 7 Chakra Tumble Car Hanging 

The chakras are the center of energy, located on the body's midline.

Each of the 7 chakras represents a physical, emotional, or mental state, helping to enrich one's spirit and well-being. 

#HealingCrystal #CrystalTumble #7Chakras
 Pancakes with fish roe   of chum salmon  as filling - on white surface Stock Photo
---
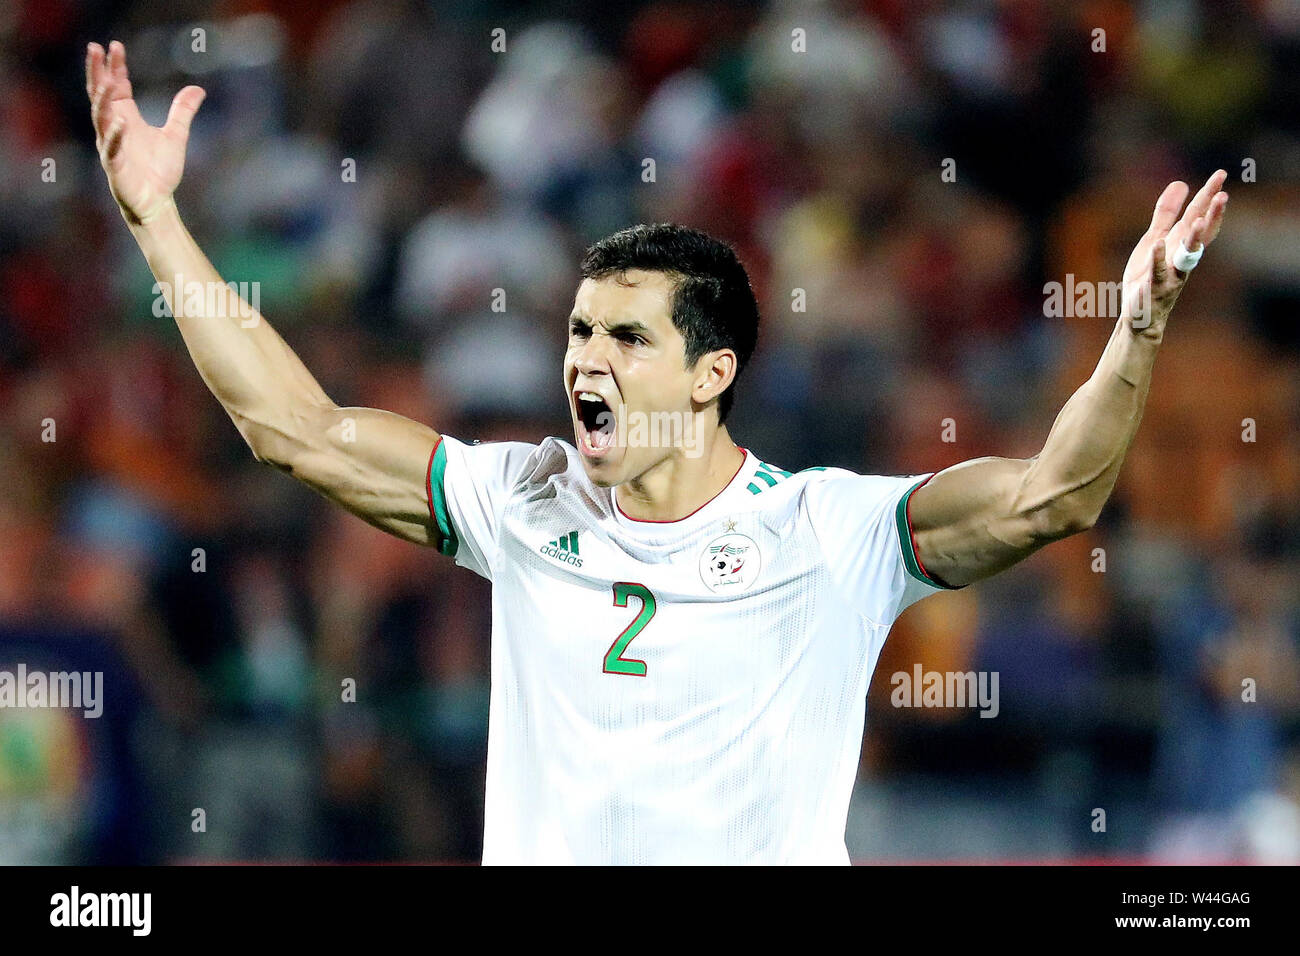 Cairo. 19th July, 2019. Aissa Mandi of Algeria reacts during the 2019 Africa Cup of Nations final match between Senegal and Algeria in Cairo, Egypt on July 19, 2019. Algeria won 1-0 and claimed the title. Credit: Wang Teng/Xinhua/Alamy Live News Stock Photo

- Task item: From the records above, quote only the lines running from the line with "The chakras are" to the line with "Pancakes with fish", both lines included.

- The completed task:
The chakras are the center of energy, located on the body's midline.

Each of the 7 chakras represents a physical, emotional, or mental state, helping to enrich one's spirit and well-being. 

#HealingCrystal #CrystalTumble #7Chakras
 Pancakes with fish roe   of chum salmon  as filling - on white surface Stock Photo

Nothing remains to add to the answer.